В Ташкенте я увидел арбуз. Огромный, влажный, прохладный, такой летний со всеми своими косточками, зеленым хвостиком и полосками. И я уже видел, как дрогнули бородатые лица, как хлопнули меня по плечу полярники и сказали снисходительно: «Что ж, ничего, порядок…»
Я с трудом уволок арбуз по трапу самолета. Еще большего труда стоило уговорить пилотов спрятать его в холодильник.
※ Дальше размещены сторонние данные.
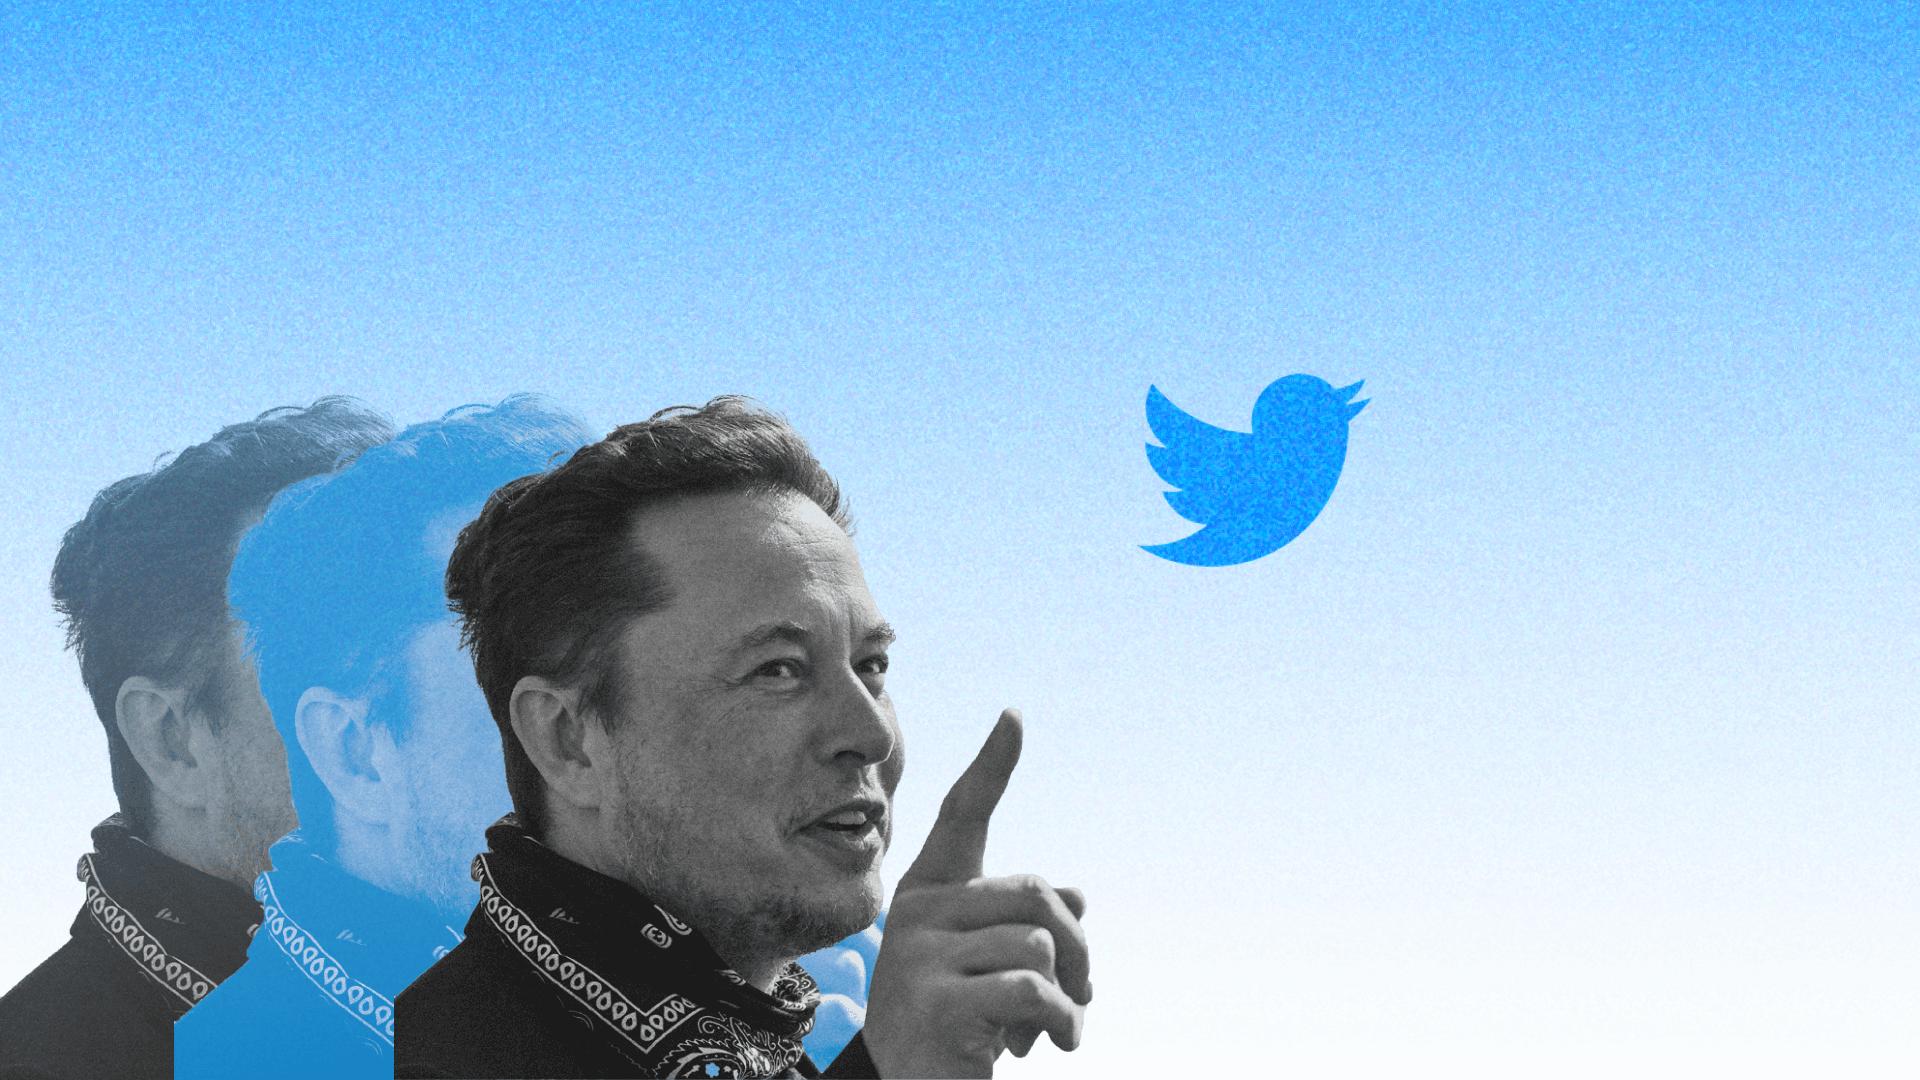 Twitter's board of directors recommends that shareholders vote in favor of the sale to Musk

Переворота арбуз не сделал, но ему были рады. Мохнатых и насупленных я не нашел. Были люди, каких я встречал в Москве. Каждый день.
…В бараке мне жить не пришлось. Хотя в поселке в дни прихода «Лены» тесновато, меня поселили в комнатке при каком-то складе аппаратуры. Пятый день я живу в крепком, очень теплом доме, в доме, который никогда не увижу. Дом завален снегом по самую макушку. От моих дверей к другим домикам ведет сложный лабиринт ходов и траншей, откопанных в снегу. На всякий случай в доме есть выходной люк. В сильные заносы придется гулять через потолок. Иногда почти по крышам ходит бульдозер, снимает излишки снега. Снег, оказывается, невероятно тяжелая штука.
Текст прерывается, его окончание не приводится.